Changes by Jim Butcher (guest review by Darren Dayton)

    So, this being my first review, I wish to introduce myself. I am Darren, Bryce's younger brother, and we tend to have the same tastes in reading, so I was a natural extension of the reviews on his site.

    Today, we will be talking about Changes, the latest book in the Dresden Files series by author Jim Butcher, and a book (and series) I highly recommend. He has not been mentioned on the site thus far, but it was not due to lack of interest or appreciation, but rather time constraints. His latest (and one of his best in my opinion) books starts out like every other one of his books: an important, yet hilarious beginning scene that introduces well the main conflict of the story, and lends to the entertainment aspect of literature quite well. I am impressed, because this time the beginning was even more of a home-run than previous books, and I wasn't sure that was possible. It is, however, twelve books into the series, so I suggest starting with book one, Storm Front.

    On to the actual review, then, eh?

    The characters as always are completely alive, and to rate the immersion: I sometimes forget I'm reading a book. This book is no different than any of the others in the series... well, not quite. The title, Changes, is quite appropriate, in that we see some changes in characters, and things going in ways we never thought (or hoped, or dreaded) they could go.

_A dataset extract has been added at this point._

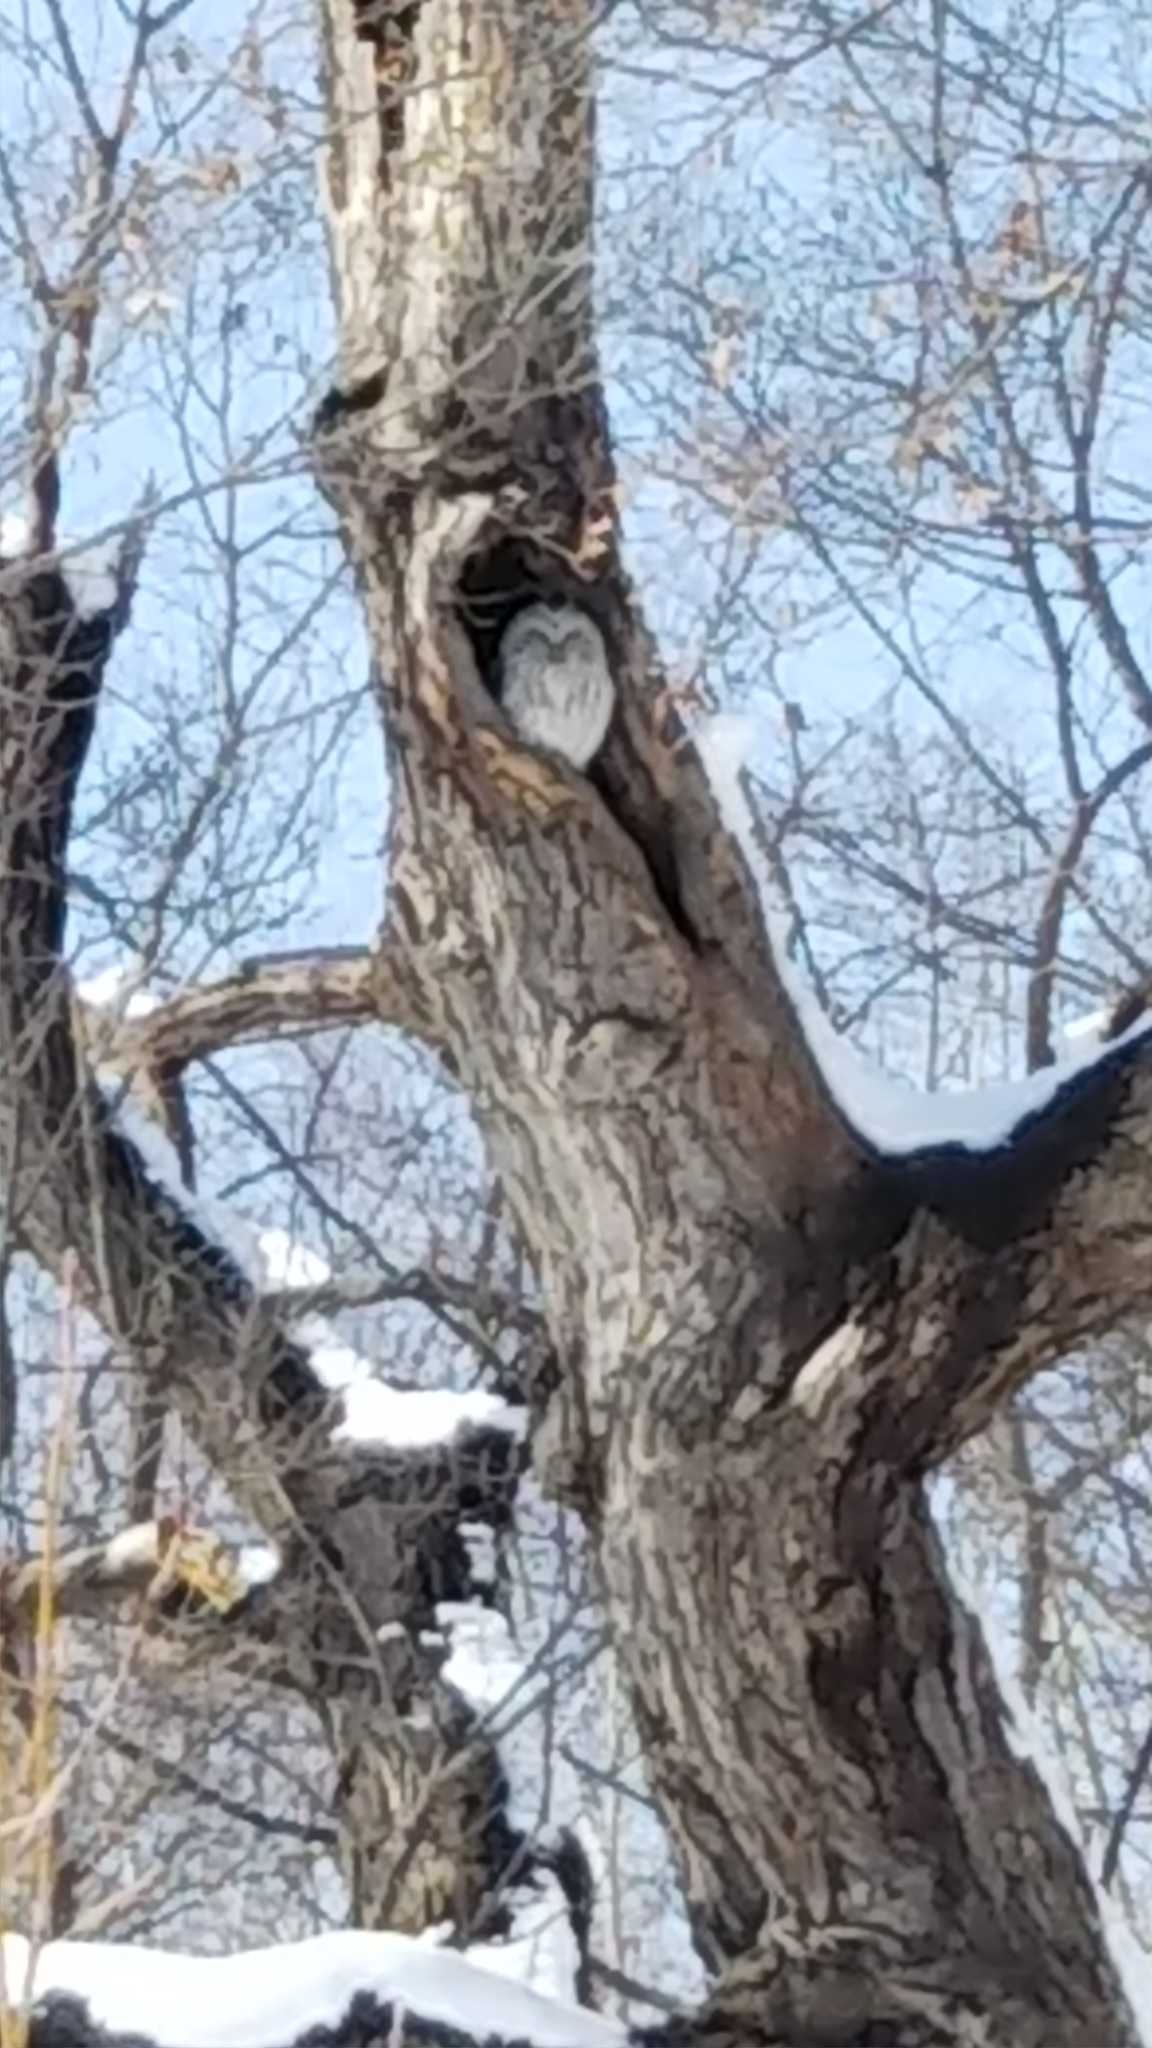 Ural Owl

    As to the quality of the work, I literally just read it in about 8 hours straight, in one sitting. I have not stopped for food, water, various toiletries; heck, I started reading it while I was at work this morning, and only stopped for the ten minutes it took me to get home. Mr. Butcher puts on an excellent performance, so to speak, and it is masterfully entertaining, while also being involved and absorbing on a level I, as an avid Fantasy fan since close after birth, have seen.

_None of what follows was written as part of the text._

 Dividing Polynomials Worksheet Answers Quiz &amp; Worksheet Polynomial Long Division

    The characters and plot left me emotionally invested enough that I have not only read 12 books about them, but I literally feel joy and sadness with them, live and die; without any spoilers I tell you that as I sit here writing this, I am still in an emotional stupor over the events at the end of the book, and that just doesn't happen to me folks.

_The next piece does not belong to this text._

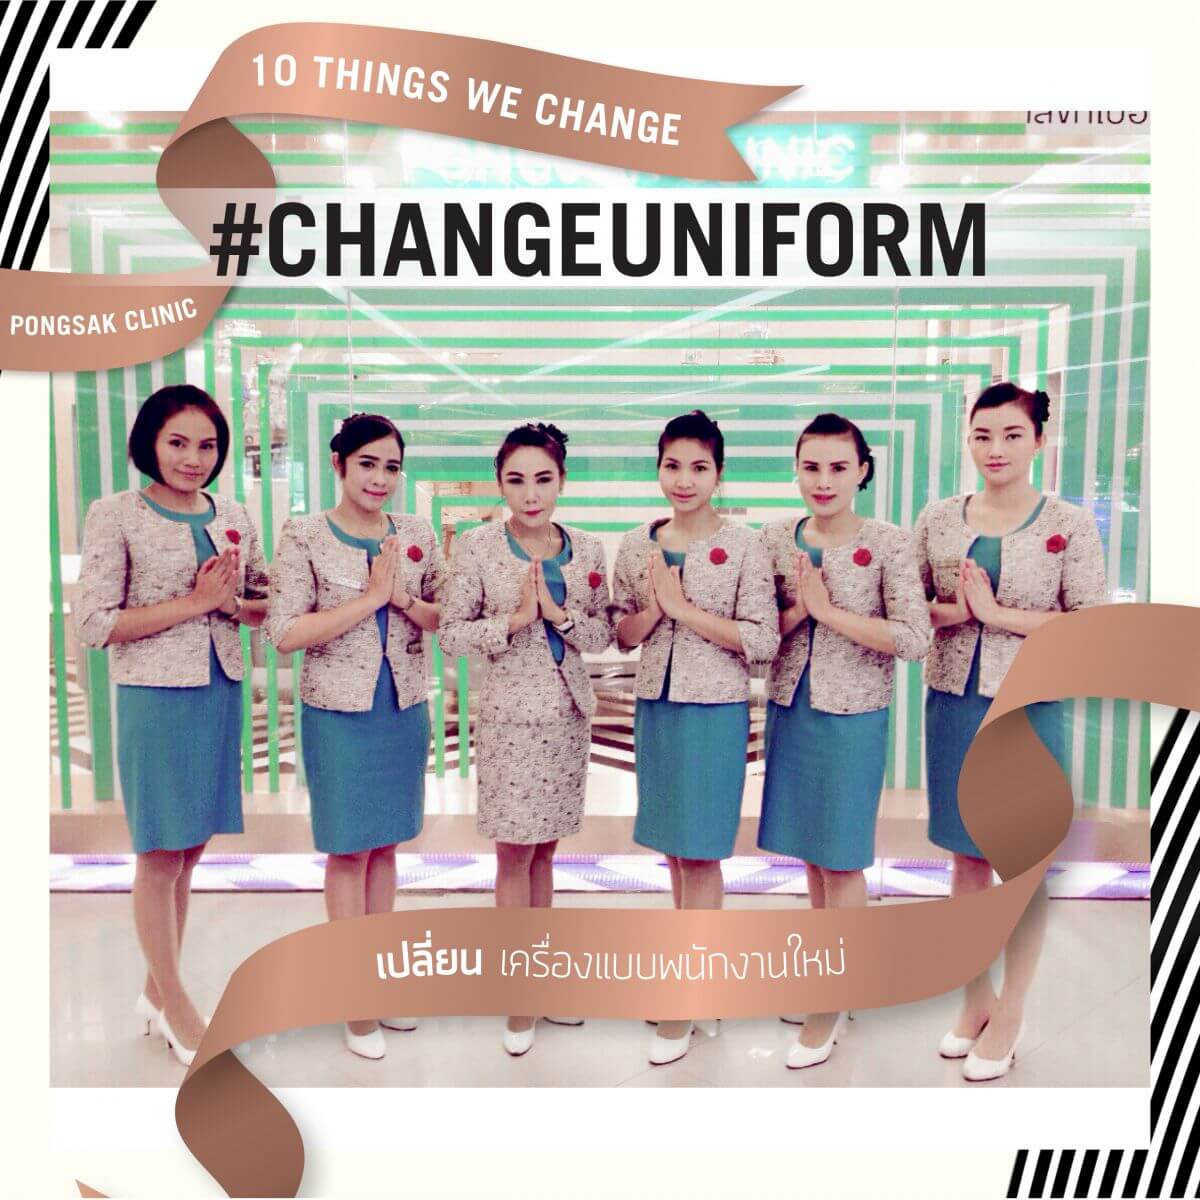 พงศ์ศักดิ์คลินิก Pongsak Clinic -Pongsak Change uniform

    Quick non-spoiler plot summary:
        Harry, main character and resident wizard in Chicago, has just learned from an old girlfriend that the Red Court of vampires has taken a little girl, and intends to... well, they don't know what yet, but it obviously can't be good. I mean, vampires, right? Someone is destabilizing the power of the White Council of wizards, and Harry also has to try to find out what's going on there before full-on war breaks out anew between the Court and the Council (but that's nothing new, really. Read the last few books.) Anyway, things go wrong in a spectacular fashion, as is usual, and it's up to Harry to stop them from either destroying the world or killing millions of people.

    If that seems generic to you, it's because the plot is so involved I cannot say a single word different without giving things away. Suffice to say, like Robert Jordan, Jim Butcher weaves plot upon plot, twist upon twist, until no reader can say for sure what the outcome will be until the end of the book.

    Overall rating: 10/10.

    Fantastic work, Mr. Butcher, and while I had qualms with almost everything that happened (plot, character changes, building/car demolitions) know that you got a 10 out of 10 because all that points to just how good the writing is, and just how much of a vested interest I had in this book, and the series in general. I hope you continue to keep 'em coming, 'cause I will read them until they nail shut my coffin. Thank you for the wonderful time I had reading this, and I hope all the readers of this review will go out and get started by reading Storm Front, because this series is well worth it.

Great review Darren. I simply want to add that Changes is a very apt title for this particular book. Almost everything that we know about the Dresden Files gets turned on its head, and things are definitely headed in a new direction. I'm confident, though, that future volumes will still be excellent. This is, so far, my MUST BUY book of 2010.